Einkommensungleichheit bezeichnet die ungleiche Verteilung von Einkommen innerhalb einer Gesellschaft und stellt ein signifikantes soziales und wirtschaftliches Problem dar. Sie äußert sich nicht nur in größeren Lohnunterschieden zwischen verschiedenen Berufsfeldern, sondern auch in Geschlechterunterschieden und dem Einfluss von ethnischer Herkunft, Bildung und sozialen Hintergründen. In vielen Ländern, einschließlich Österreich, verdienen Frauen im Durchschnitt deutlich weniger als Männer

Diese Ungleichheit hat weitreichende Folgen, darunter eine erhöhte Armut unter bestimmten Bevölkerungsgruppen sowie eine eingeschränkte wirtschaftliche Mobilität.
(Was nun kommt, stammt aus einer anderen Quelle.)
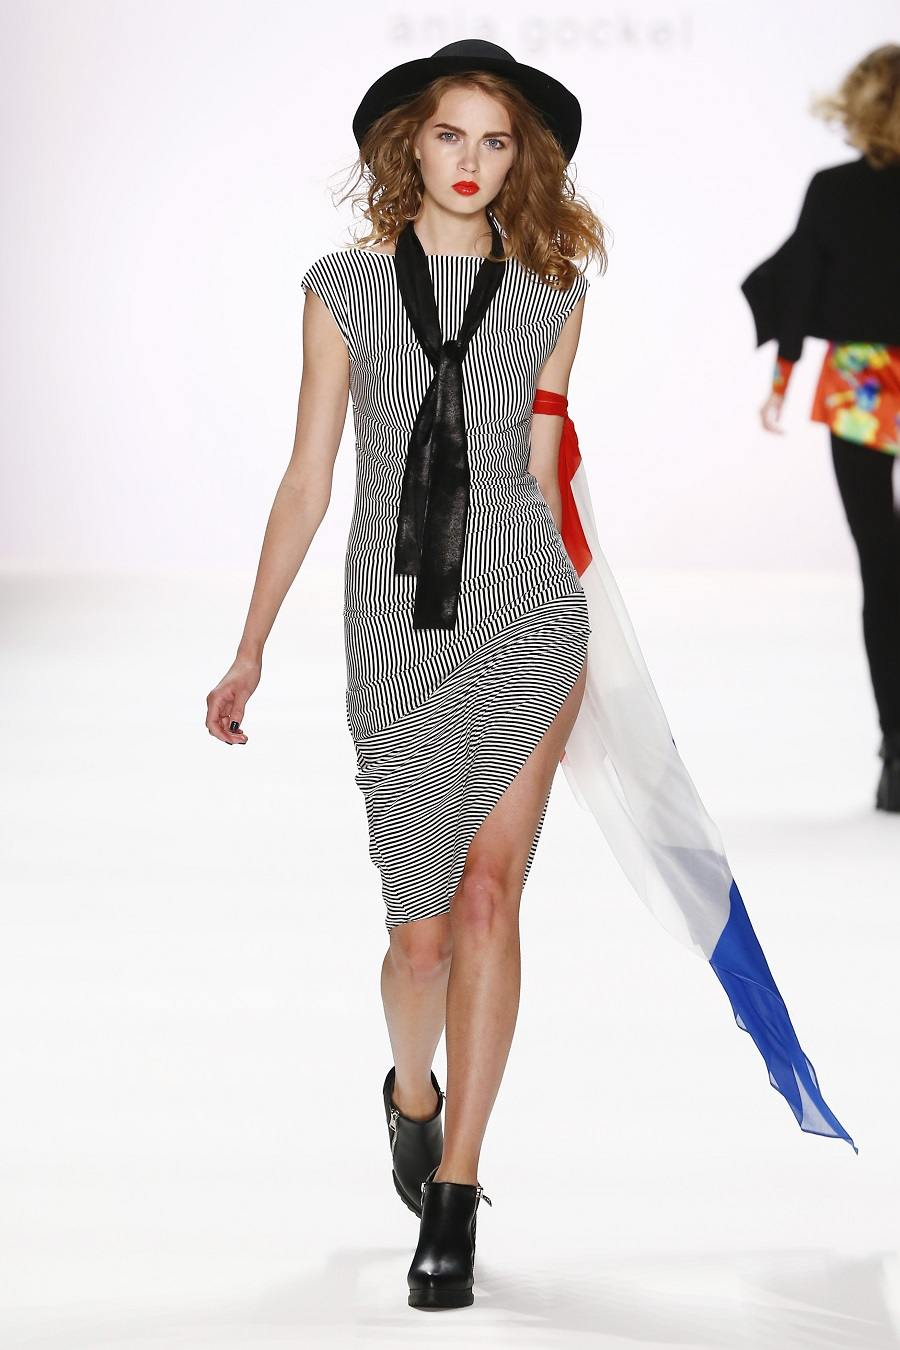 Model Maria Vvedenskaya walks the runway at the Anja Gockel show
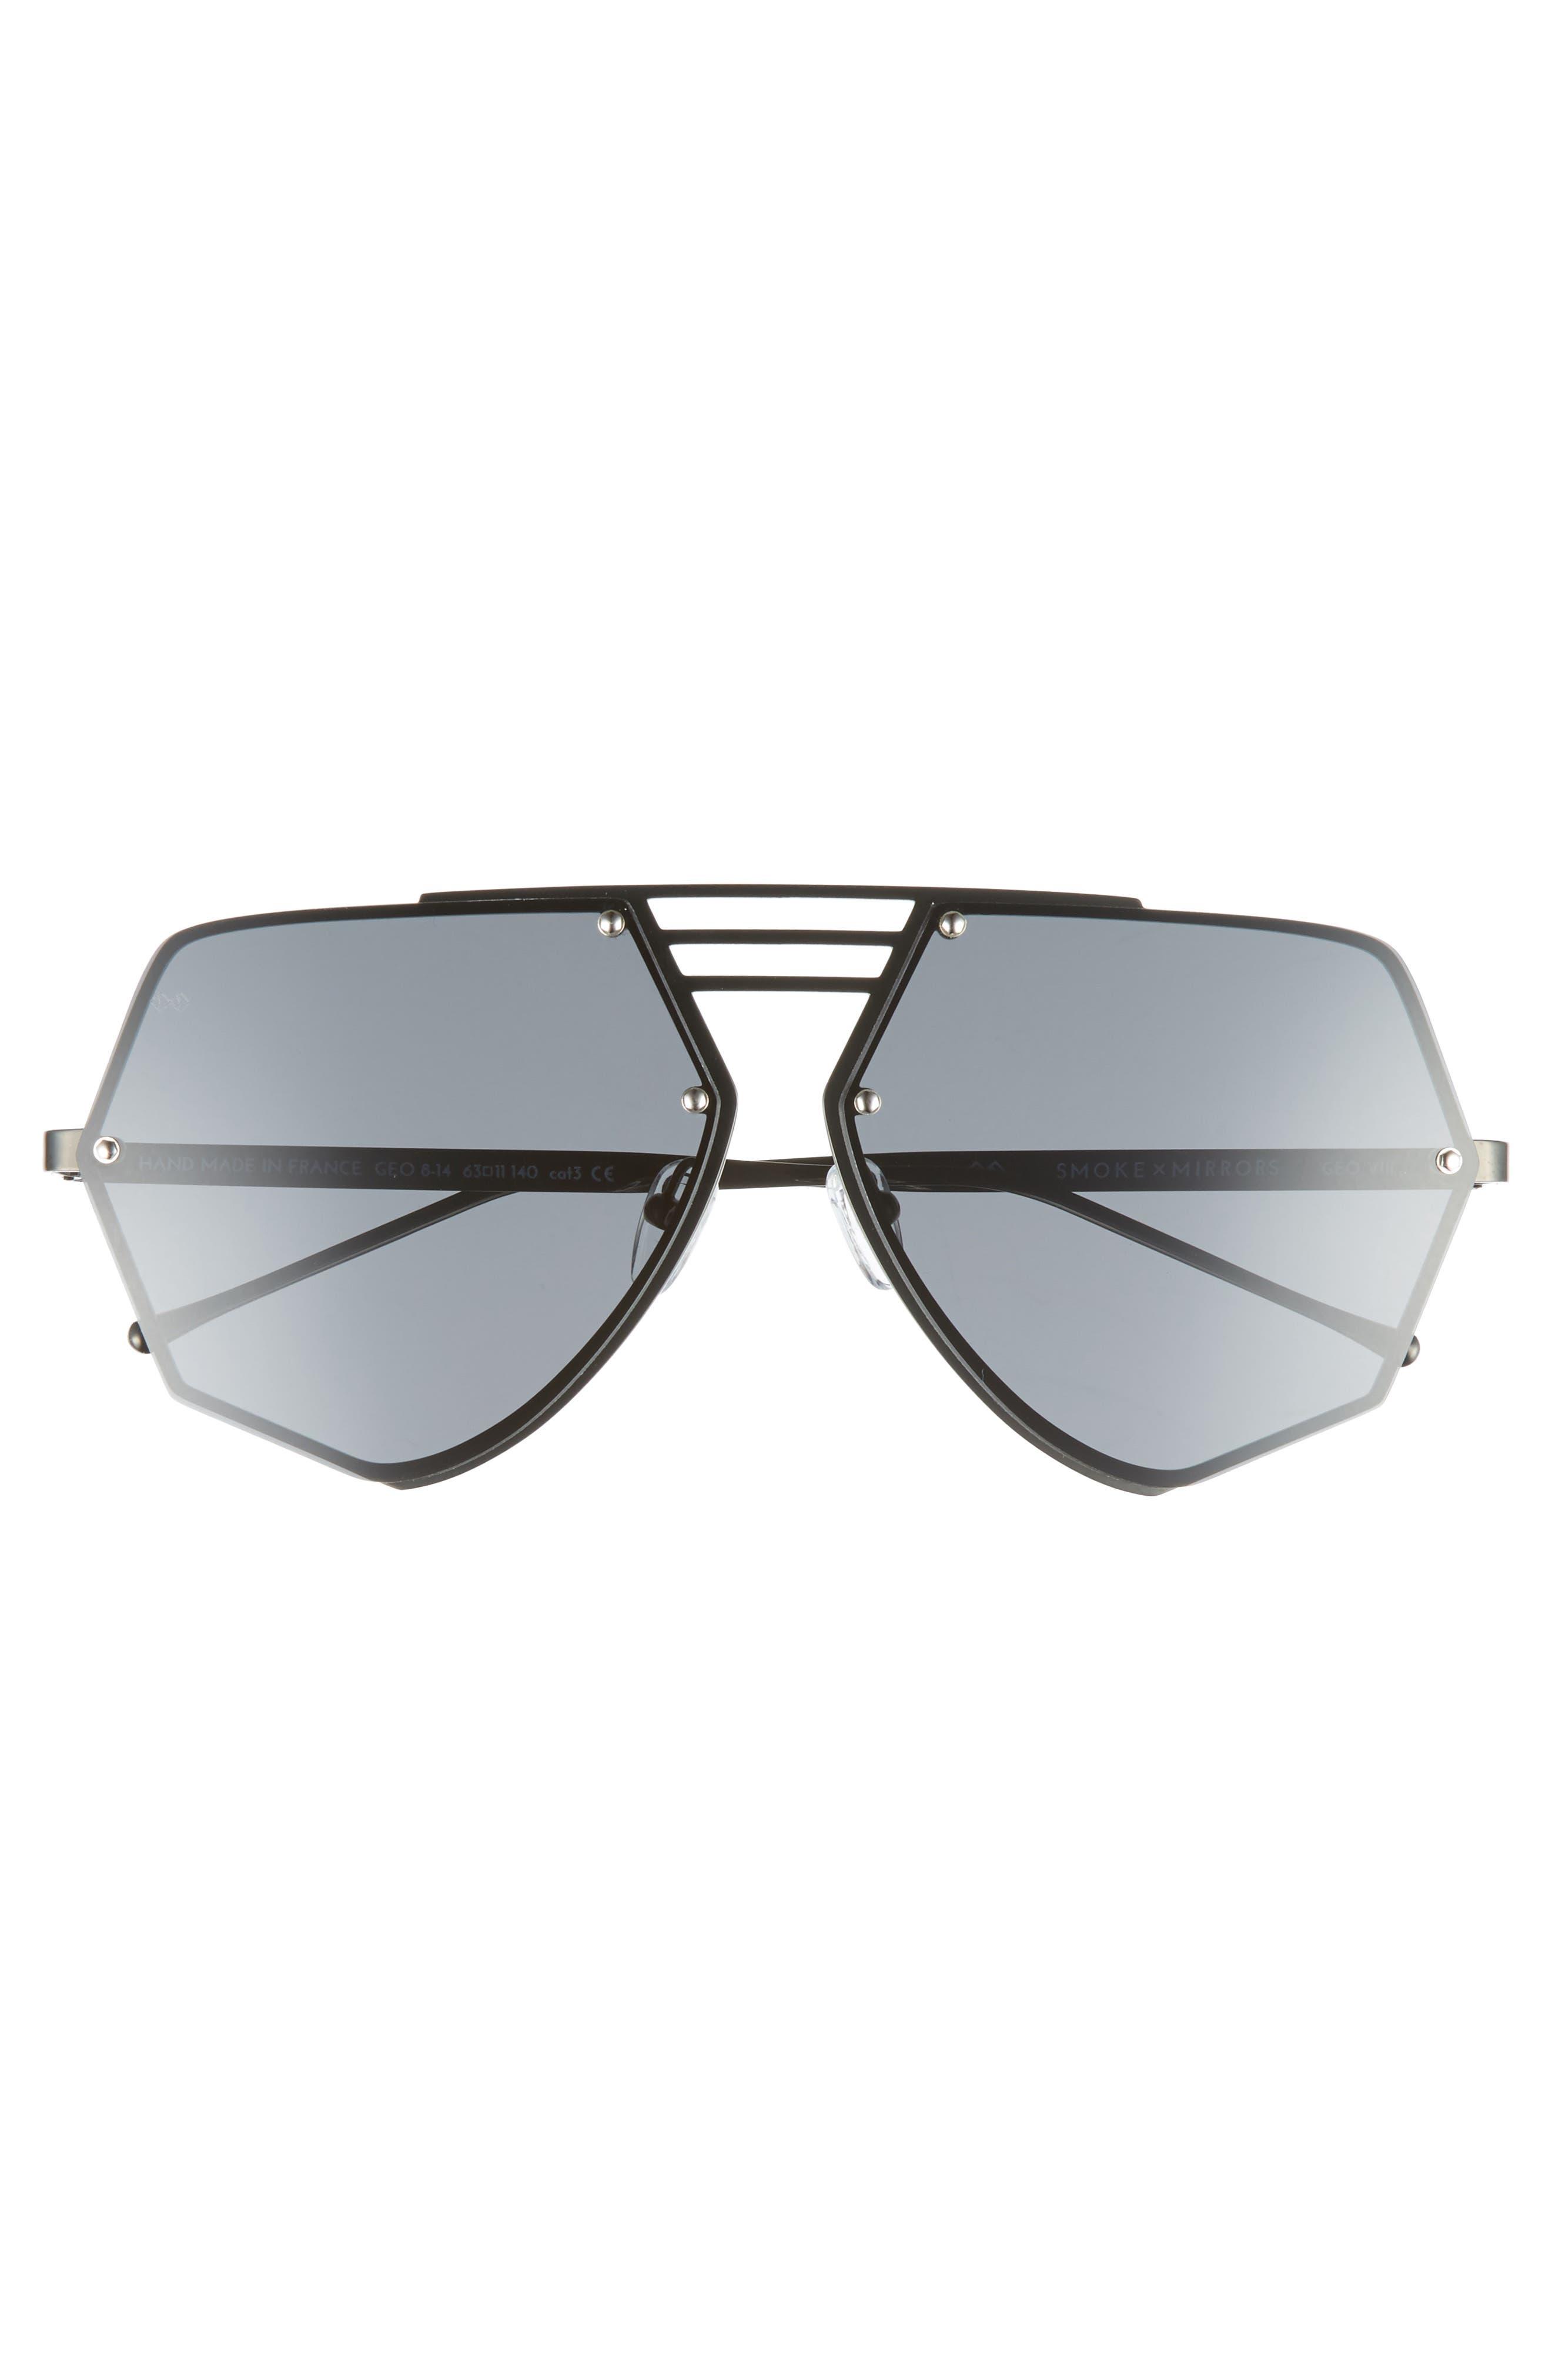 Geo VIII 63mm Sunglasses,                             Alternate thumbnail 2, color,                             Dark Gunmetal/ Dark Grey

Um diesen Herausforderungen effektiv zu begegnen, ist es wichtig, gezielte Maßnahmen zu ergreifen, die von der Implementierung gerechter Löhne über die Förderung von Gleichstellung bis hin zu umfassender Bildung und Bewusstseinsbildung reichen. Eine gerechtere Einkommensverteilung ist nicht nur eine Frage der sozialen Gerechtigkeit, sondern auch entscheidend für eine nachhaltige wirtschaftliche Entwicklung und das Wohl aller Teilhabenden an der Gesellschaft.

Fakten 

  • Das mittlere Einkommen (Medianeinkommen) ist bei erwerbstätigen Frauen deutlich niedriger als bei erwerbstätigen Männern. 
  • Die Einkommensungleichheit ist in Österreich besonders hoch zwischen Arbeiterinnen und Arbeitern mit den niedrigsten Einkommen. (vgl. Statistik Austria, 2022)
  • Frauen gelten bereits mit viel niedrigerem Einkommen als Topverdienerinnen. 
  • Die höchsten Bruttojahreseinkommen der Frauen in Österreich liegen deutlich unter jenen der Männer. (vgl. Rechnungshof, 2022)

Woran liegt das? 

  • Frauen unterbrechen ihre Erwerbstätigkeit eher, denn Frauen übernehmen einen überproportionalen Anteil der unbezahlten Sorgearbeit. 
  • Frauen sind eher als Teilzeitkräfte tätig. 
  • Frauen arbeiten häufiger in Branchen mit niedrigem Einkommen. 
  • Frauen werden häufiger auf dem Arbeitsmarkt diskriminiert. 
  • Die Unterrepräsentation von Frauen in Entscheidungspositionen führt zu einem Machtgefälle. 

Auswirkungen 

  • Die ökonomische Unabhängigkeit vieler Frauen ist nicht gegeben. 
  • Die Qualifikationen von Frauen werden am Arbeitsmarkt zu wenig ausgeschöpft. 
  • Frauen fehlen in der Wirtschaft als Innovations- und Wachstumstreiberinnen. 
  • Die Gesamt-Wertschöpfung kann um mehrere Prozent steigen, wenn Potenziale von Frauen am Arbeitsmarkt besser genutzt würden. 

 

Quellen:

STATISTIK AUSTRIA, Lohnsteuer- und SV-Daten. Erstellt am 20.12.2022. – Bruttojahresbezüge gemäß § 25 Einkommensteuergesetz. – Ohne Lehrlinge. – Inklusive Teilzeitbeschäftigte und nichtganzjährig Beschäftigte. Online: https://www.statistik.at/statistiken/bevoelkerung-und-soziales/einkommen-und-soziale-lage/jaehrli- che-personeneinkommen [Aufgerufen: 08.03.2023] 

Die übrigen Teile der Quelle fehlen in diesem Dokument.